Page MenuHomePhabricator

Preloading the categories of a set of pages
Closed, ResolvedPublicFeature

Description

So I had a list of pages in the English Wiktionary and wanted to list only the ones that belonged to a certain category. My script preloaded the pages themselves with APISite.preloadpages and then iterated over their categories with BasePage.categories. But this is very inefficient and takes a long time, because BasePage.categories has to send a separate request to get the list of categories for a page each time it is called. Ideally these would be preloaded along with the rest of the page properties so that the script sends only one request per group of pages.

I searched through the Pywikibot docs and didn't find any way to do this. I also asked @valhallasw on IRC and he confirmed that there's no way to do this currently.

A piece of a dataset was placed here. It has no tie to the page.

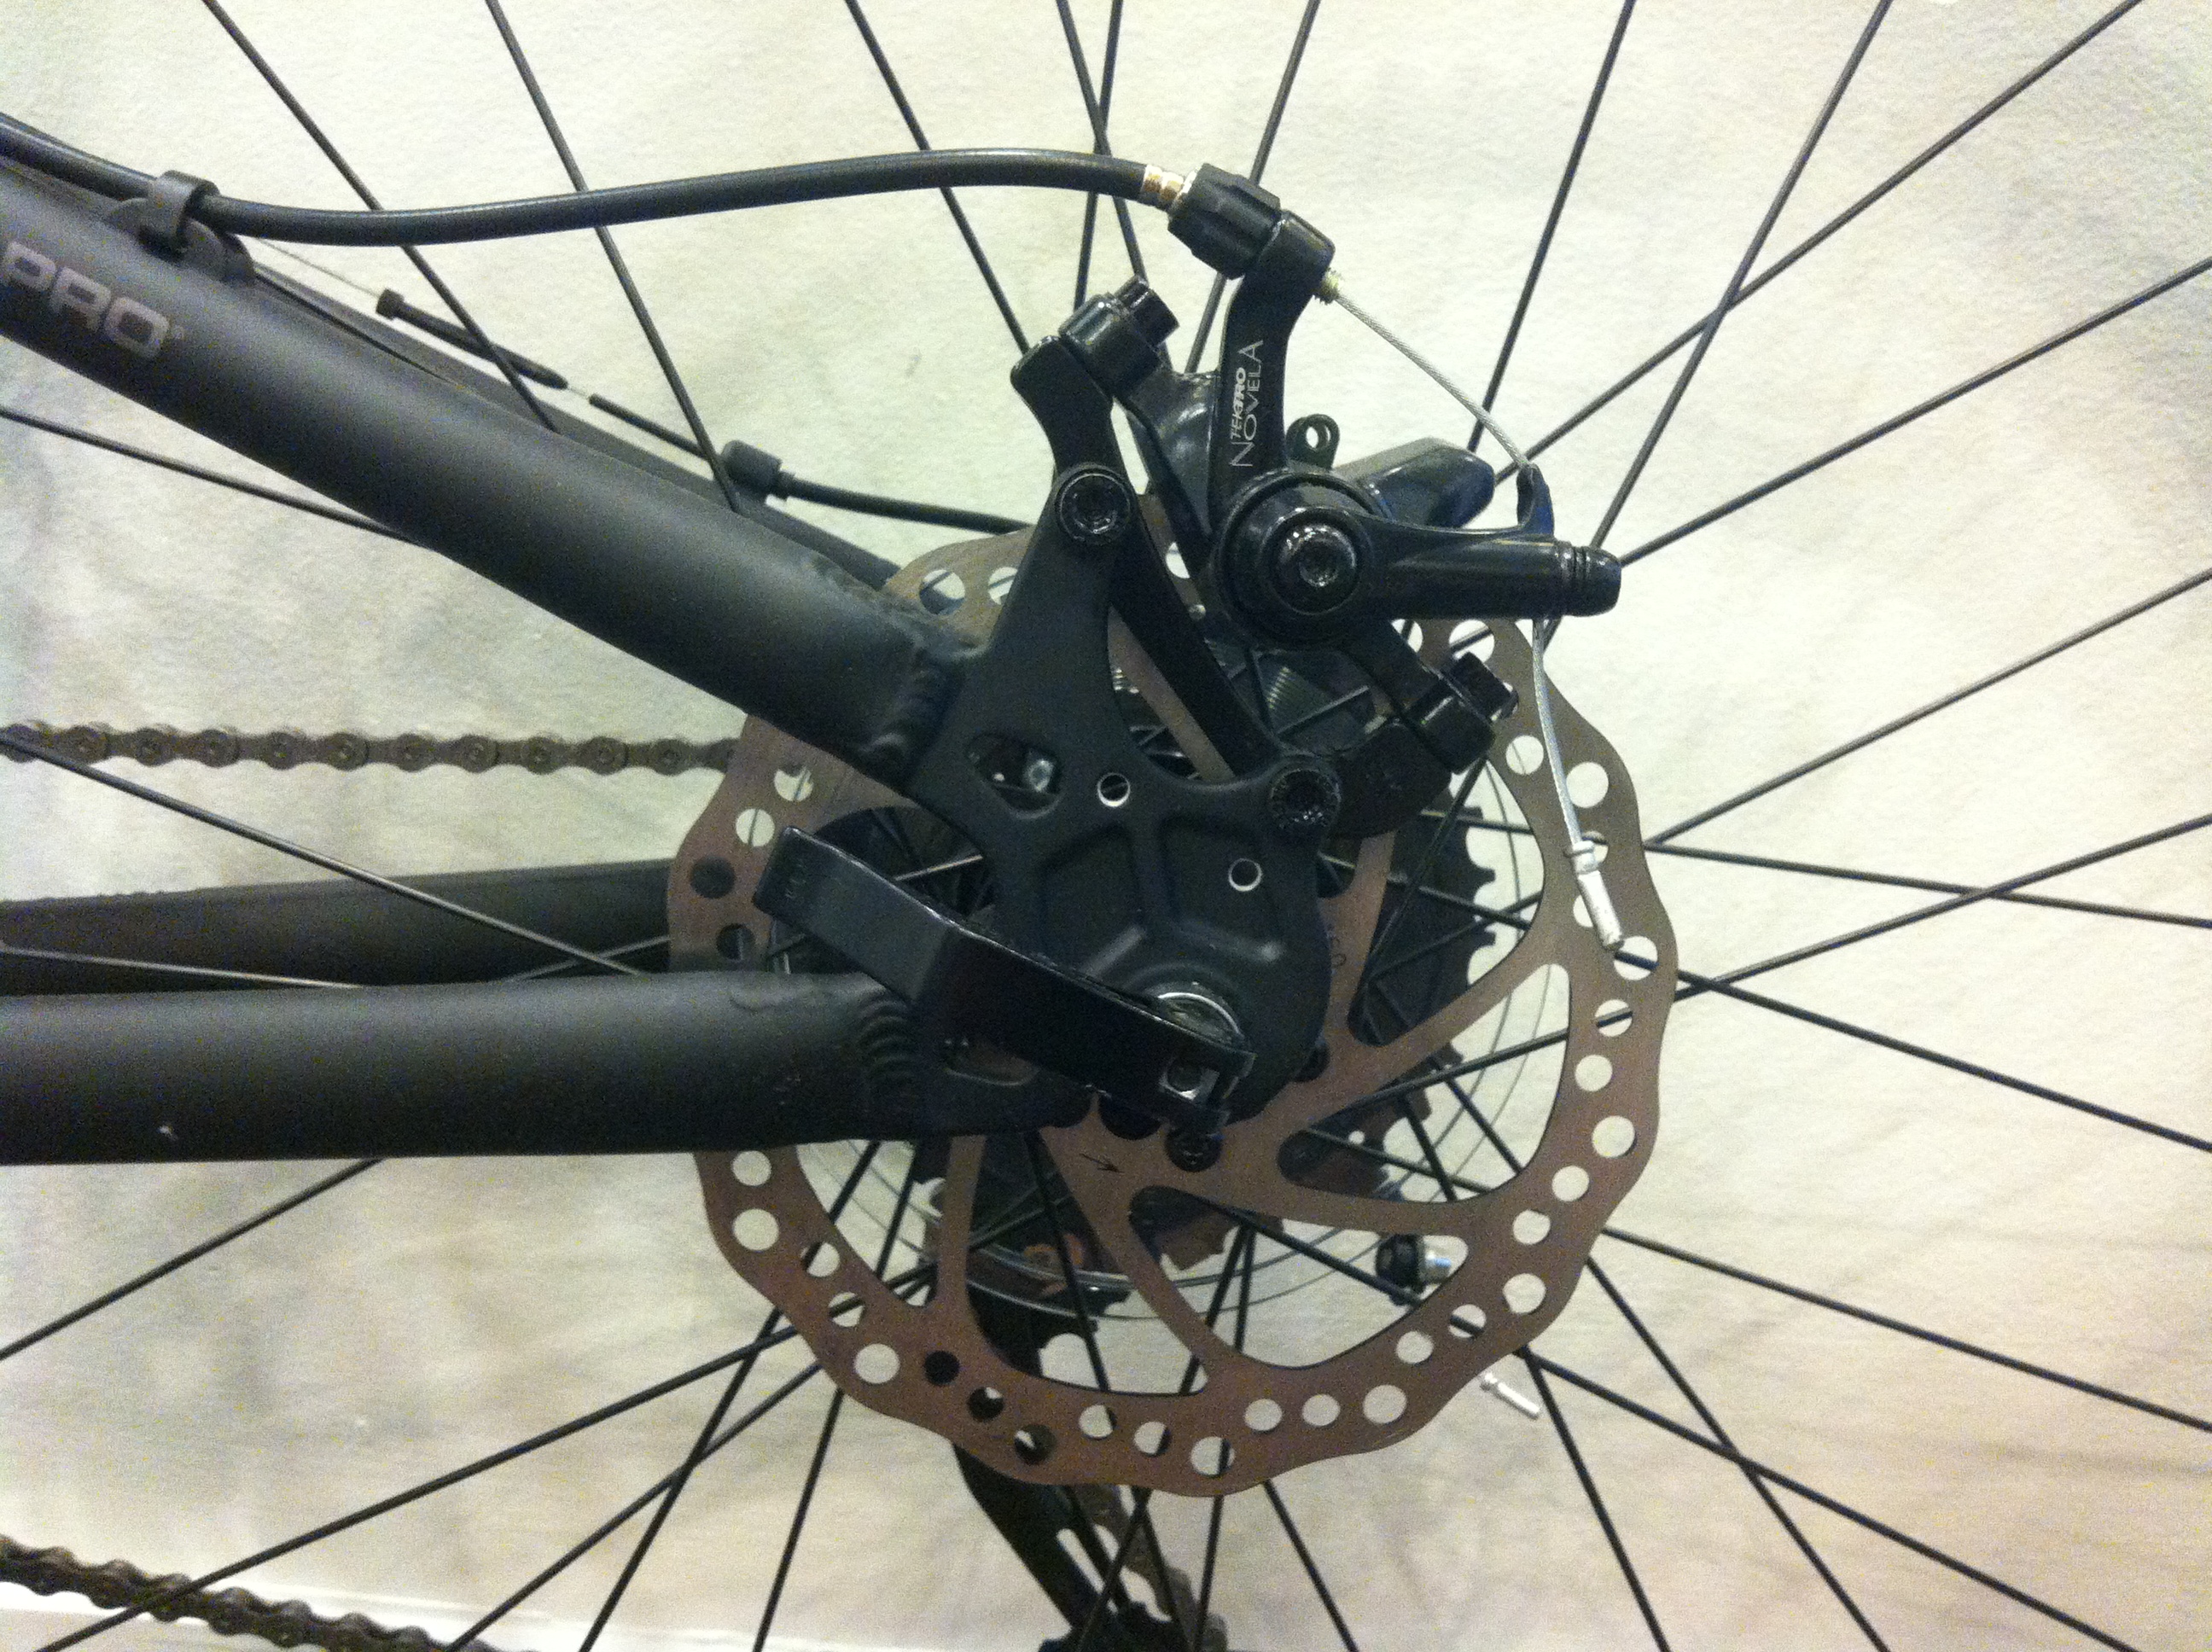 buy disc brake for bicycle
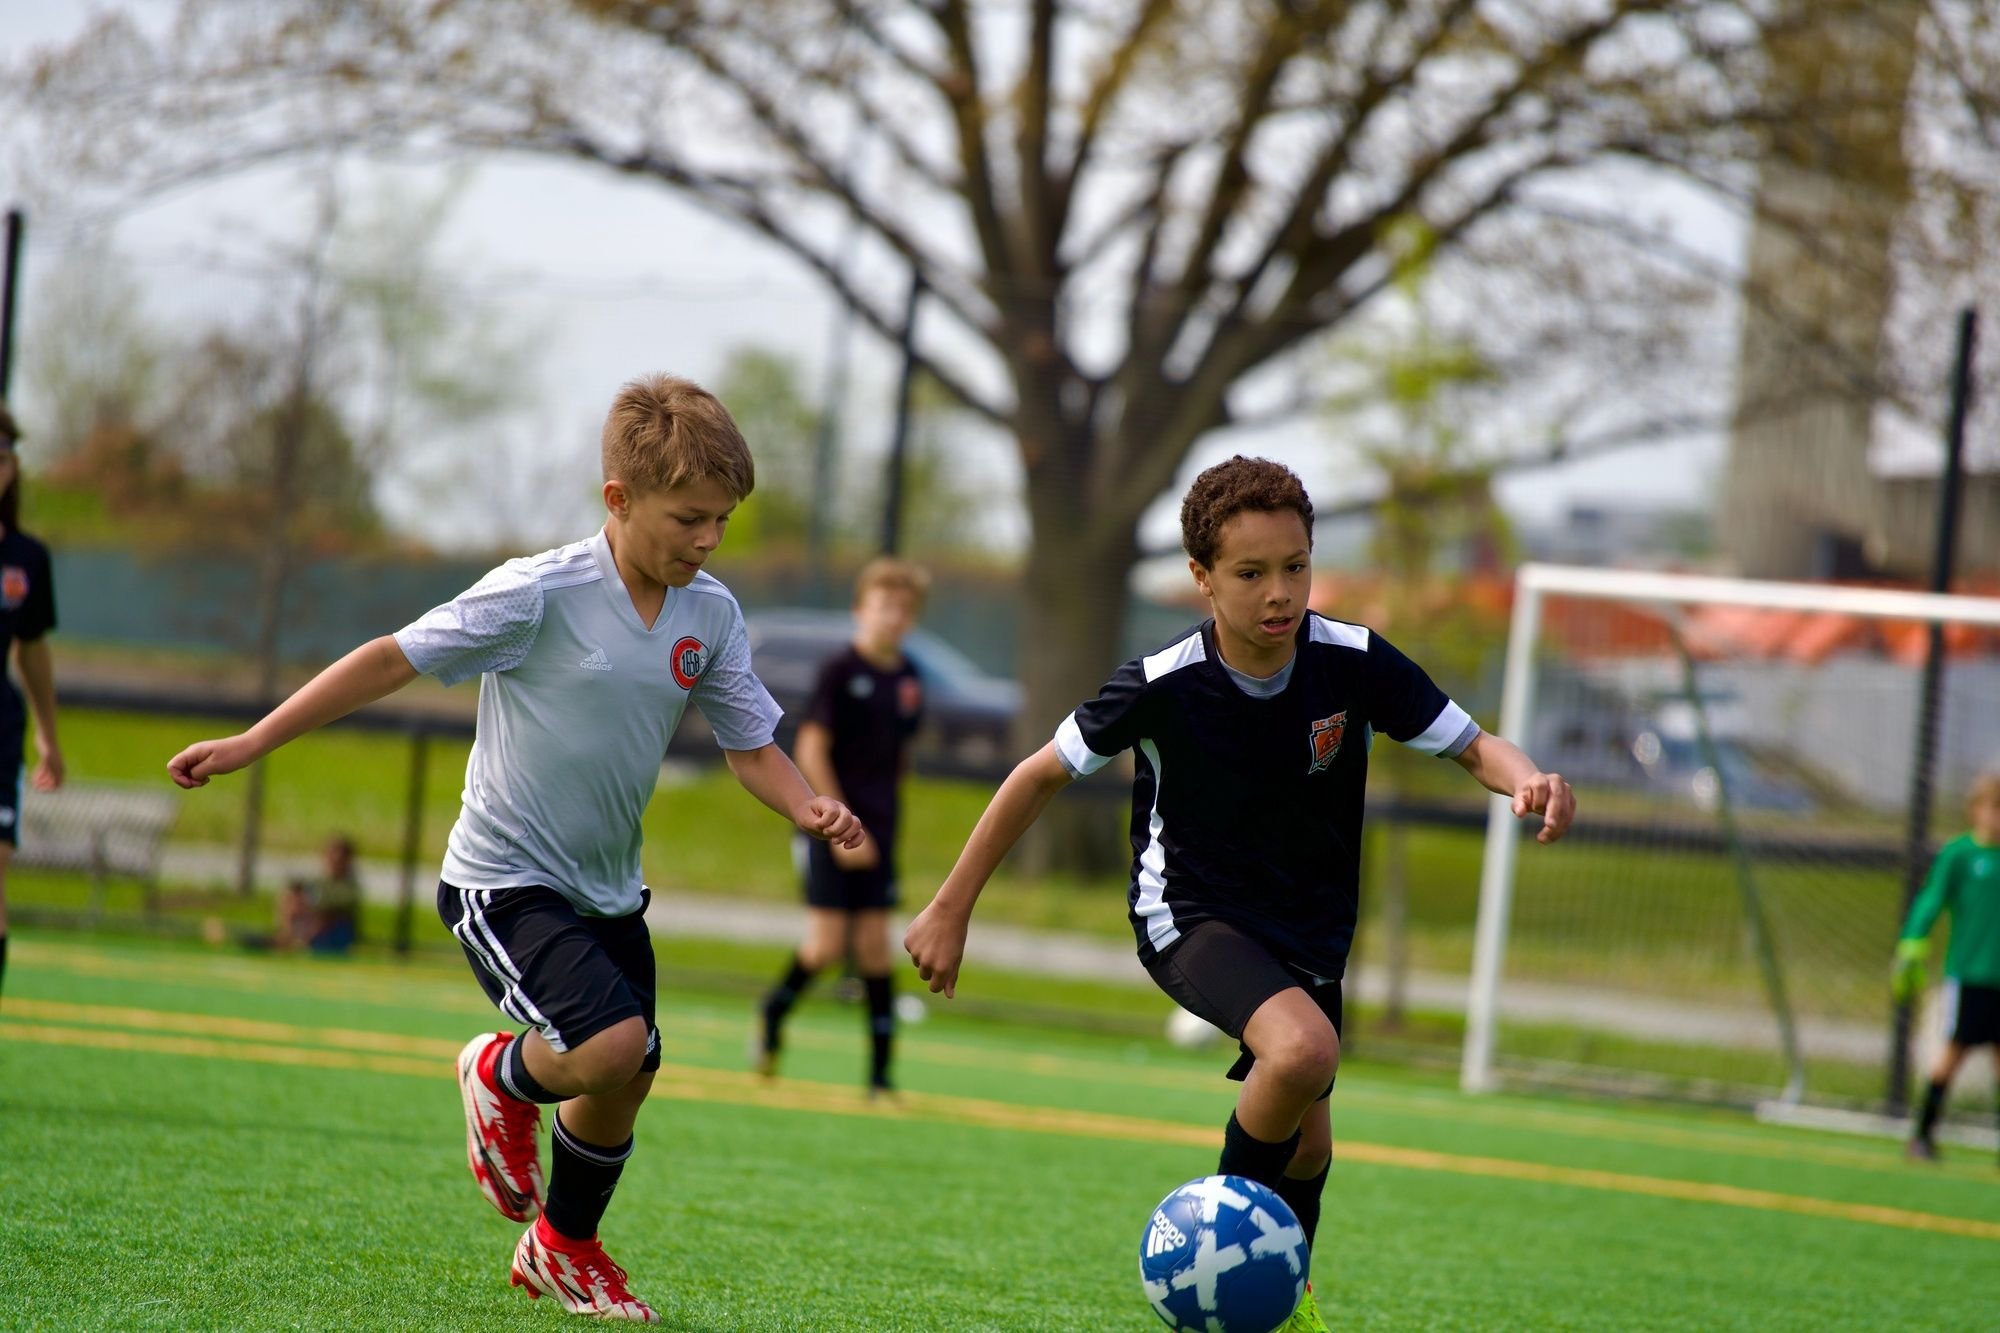 Dc-way-soccer-club-for-kids-in-washington-dc-8.jpeg

A good solution would be to add a parameter to APISite.preloadpages that would tell it to preload the categories using API:Categories and make them accessible to BasePage.categories on the pages yielded by the iterator. I'm not familiar enough with the internals of Pywikibot to fully work this out though.

@valhallasw on IRC kindly showed me some modifications to site.py that make APISite.preloadpages preload the categories and place the decoded JSON under page._preloaded["categories"] in the page objects, but that's not a long-term solution.

Event Timeline

Xqt triaged this task as Low priority.Jan 2 2020, 6:33 PM
Xqt changed the subtype of this task from "Task" to "Feature Request".

Change 561697 had a related patch set uploaded (by Xqt; owner: Xqt):
[pywikibot/core@master] [FEAT] Add ability to preload categories

https://gerrit.wikimedia.org/r/561697

My script seems no faster with the patch, even with categories = True in the call to APISite.preloadpages. Commented on the part of api.py where separate requests are being sent for each page's categories.

It does not preload the category content itself but the category titles related to the pages. A second request to this information is about 30 times faster. You could create a generator of all categories and preload them in a separate step or combined with the preloading iterator.

Okay, so an additional request must be sent to actually construct the Category objects.

I guess for my script I only need the titles, not the Category objects. It's not quite what the task title asks for, but is there a way to access the preloaded category titles when using APISite.preloadpages and not send the additional request per page to get the category information that I'm not using? This doesn't seem possible in the patch because update_page calls BasePage.categories if categories have been preloaded.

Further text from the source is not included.